2021 Call for Code Awards: Live from New York, with SNL’s Colin Jost! Learn more

Monitor your cloud

Observability is a key aspect of providing a service. As envisioned in Mikey Dickerson’s hierarchy of service reliability, monitoring is the pillar upon which all other needs of a service rely on. To provide a reliable service, monitoring must be set up and defined for the service. Specifically, well-thought-out observability that leads to meaningful alerting (pages, slack, email, phone) from meaningful data (measures, metrics).

The challenge is to be able to do this for an ever-evolving deployment of services and infrastructure that necessitate various views of metrics and alerting that are sometimes overlapping, but sometimes are not. The first part involves deploying agents to listen and generate all kinds of data, but the next part is turning that data into something meaningful. The classic problem of separating signal from noise.

IBM Cloud Monitoring provides the data collection and meaningful promotion of data for cloud service observability. Agents gather data as the deployed infrastructure and applications evolve, providing a continual level of observability that is accurate and up to date for your services. Visualization provides the ability to turn all of this data into meaningful observability through pre-defined, focused metrics dashboards for typical needs such as infrastructure, resource usage, and application overviews. In addition, you can use IBM Cloud Monitoring to build application-specific observability by defining the metrics and scopes that are tailored to your desired services.

A key part of observability is being able to alert for awareness when attention is needed for a service. This manifests into an alert (to some notification channel or service) that a value fell outside of a check. You can create several alerts from pre-defined checks and verifications of a service to proactively alert about issues affecting service reliability. IBM Cloud Monitoring also provides the ability to alert for anomalies in an environment based on deviations from observed patterns of operation of the service.

Prerequisites

Estimated time

Completing this tutorial should take you less than 15 minutes.

Steps

Set up observability with IBM Cloud Monitoring

1. Create an IBM Cloud Monitoring instance

Open the IBM Cloud Monitoring service within the IBM Cloud catalog.

Select the geographic region closest to you from the Select a location list.

Within the Configure your resource section, click Enable to receive platform metrics.

Click Create to provision your monitoring instance. The Observability dashboard opens and shows details for your new monitoring instance similar to the following screen capture image:

Screen capture of the Monitoring dashboard

2. Add a monitoring agent to your Kubernetes cluster

On the dashboard, go to your new monitoring instance and click Add sources.
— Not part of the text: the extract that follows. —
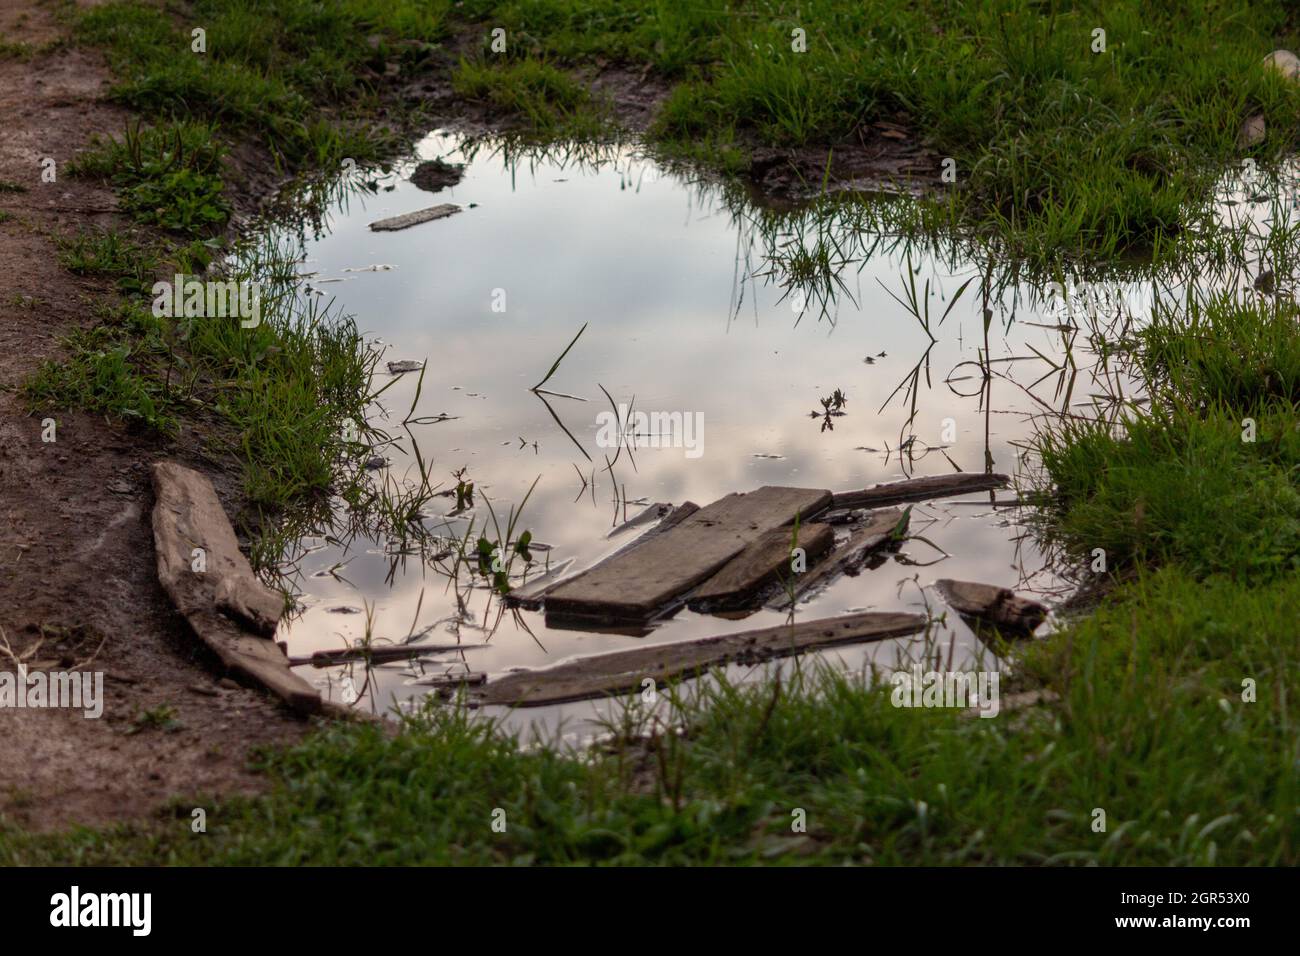 Image*After : photos : swamp mud muddy water reflection swampy grass growing

The Monitoring Sources page opens with guidance for adding agents to your monitoring instance. For this tutorial, select the Kubernetes tab, copy the Public Endpoint command, and save it for later use in step 3 after your log into your Kubernetes cluster.

Screen capture of the Monitoring Sources page

Now, go to your Kubernetes clusters list and select your Kubernetes cluster.

Screen capture of the Kubernetes clusters list

On your cluster Overview page, click Actions and select Connect via CLI from the list.

Follow the instructions and custom commands on the Connect via CLI page to connect to your IBM Cloud cluster from your CLI (terminal). The commands and results will look similar to the following example:

$ ibmcloud login -a cloud.ibm.com -r us-south -g default --sso

API endpoint: https://cloud.ibm.com

Get a one-time code from https://identity-2.us-south.iam.cloud.ibm.com/identity/passcode to proceed.
Open the URL in the default browser? [Y/n] > y
One-time code >
Authenticating...
OK

Select an account:
1. MARC VELASCO's Account (-------)
Enter a number> 1
Targeted account MARC VELASCO's Account (----)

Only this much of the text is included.